Task material:
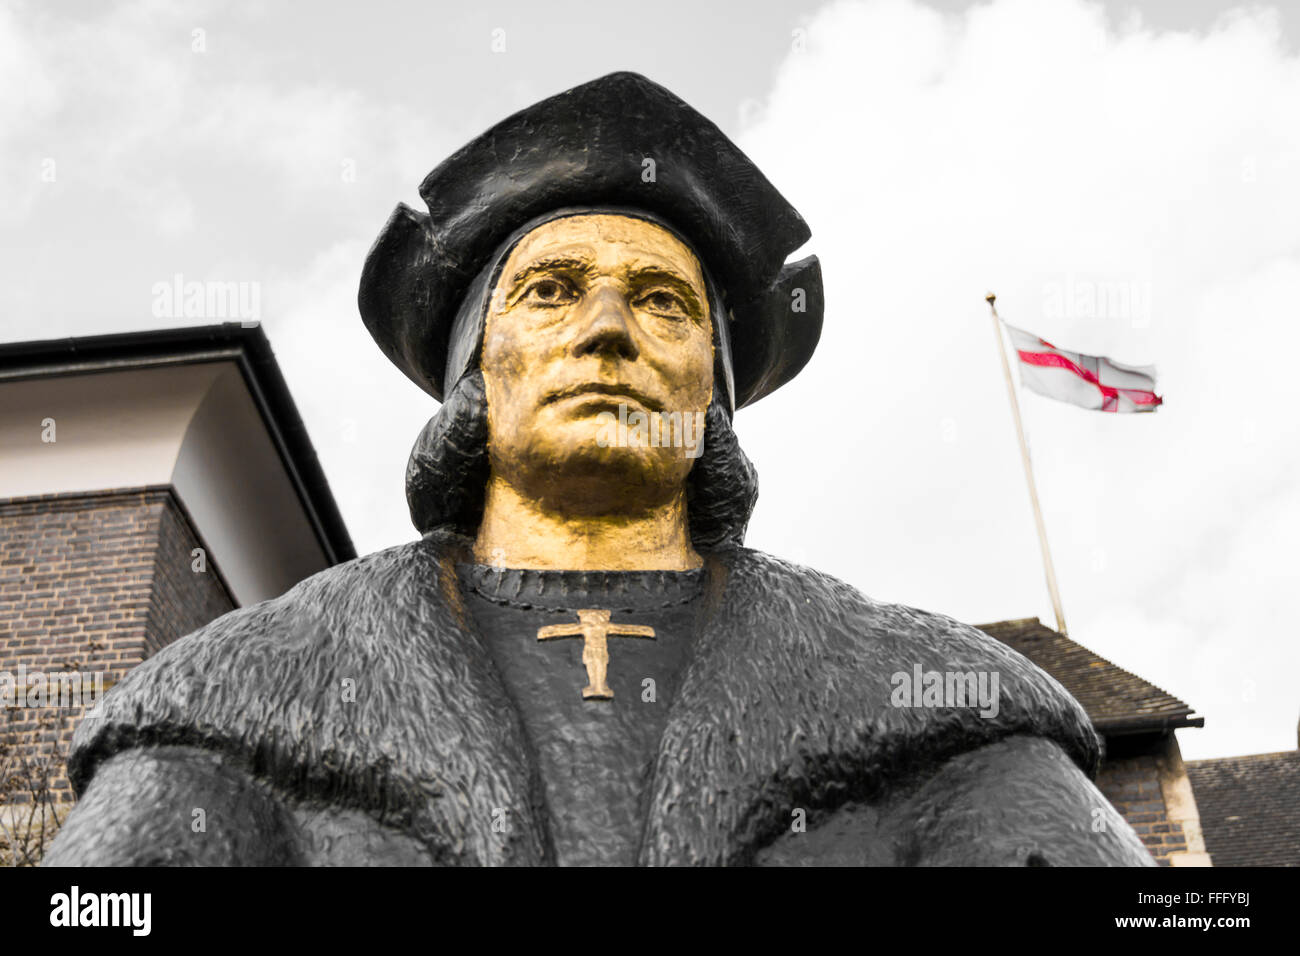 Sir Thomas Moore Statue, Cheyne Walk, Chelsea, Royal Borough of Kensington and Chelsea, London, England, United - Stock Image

==

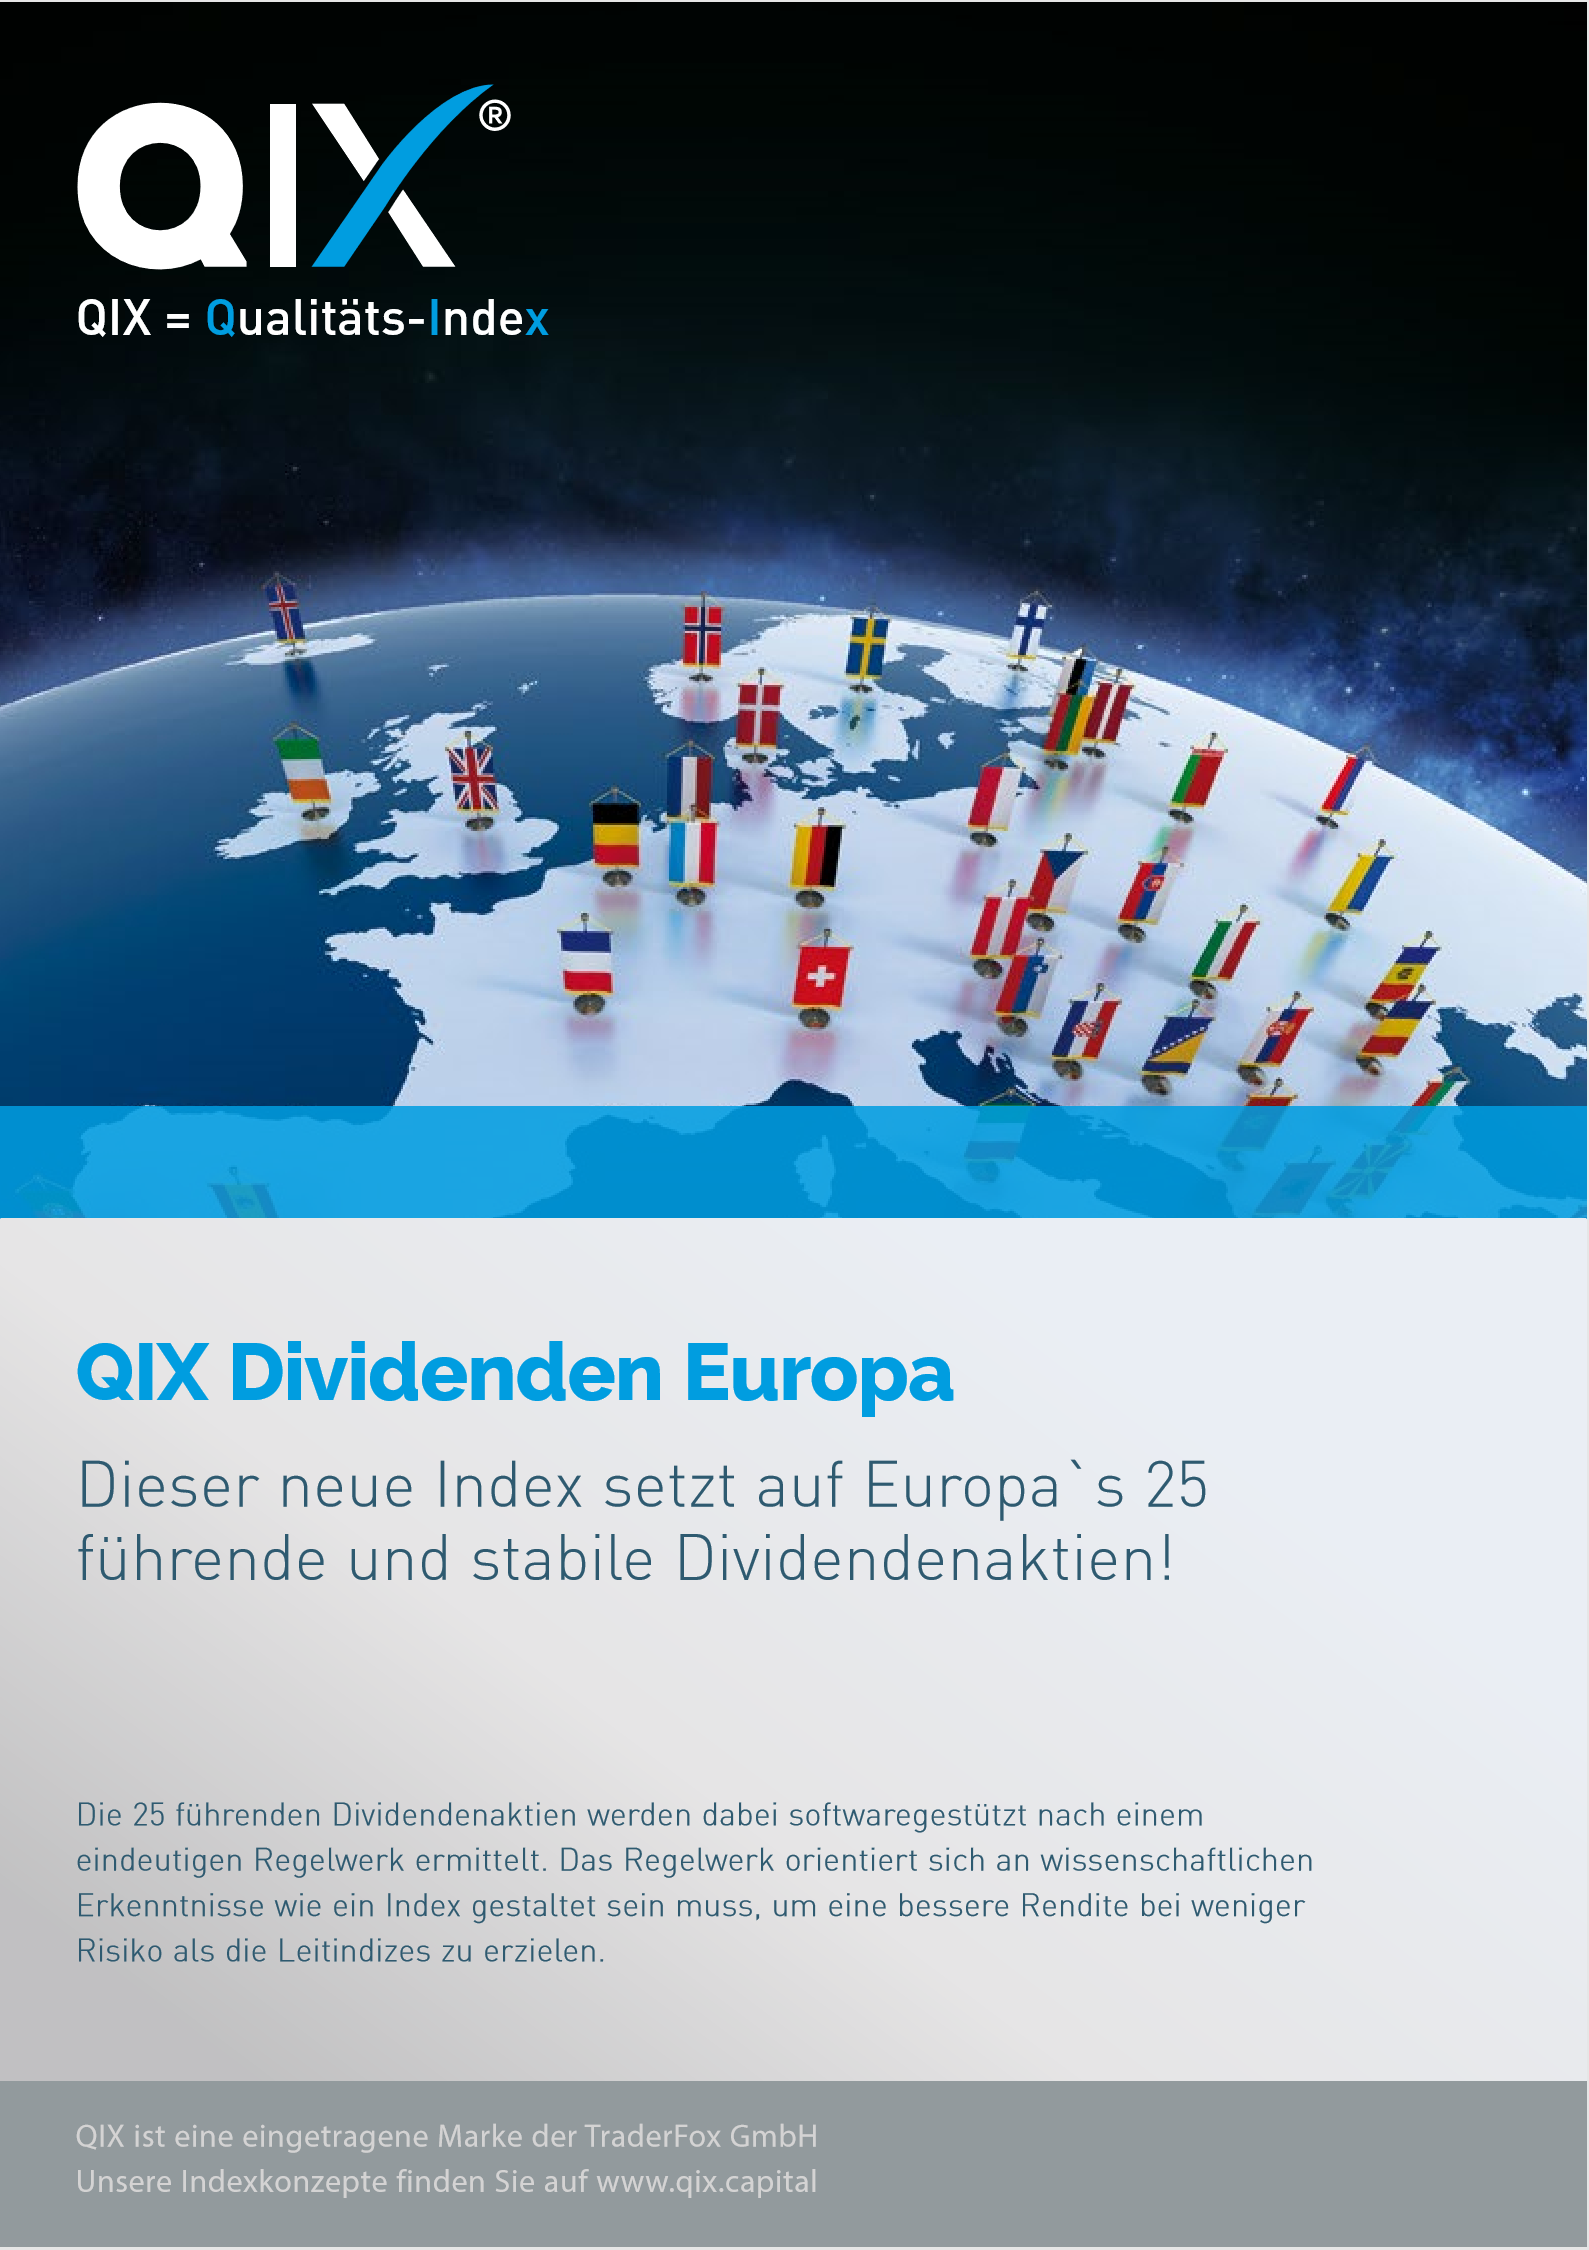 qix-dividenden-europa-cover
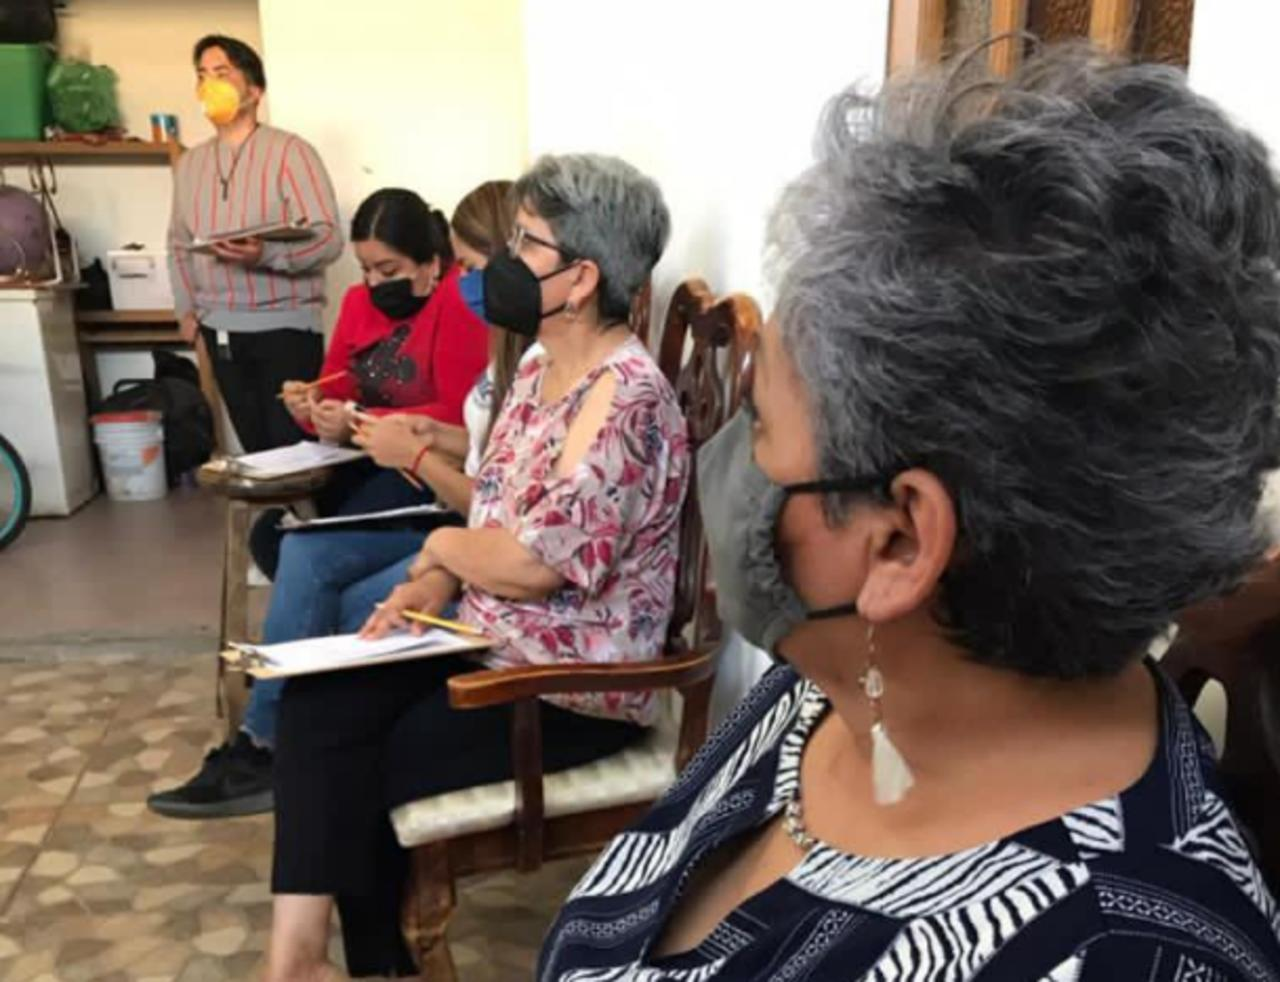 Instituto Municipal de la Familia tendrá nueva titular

Exercise objective: In the listing above, find the line with "qix-dividenden-europa-cover" and the line with "Instituto Municipal de". Copy exactly those two and every line between, without the pictures.

Response box:
 qix-dividenden-europa-cover
 Instituto Municipal de la Familia tendrá nueva titular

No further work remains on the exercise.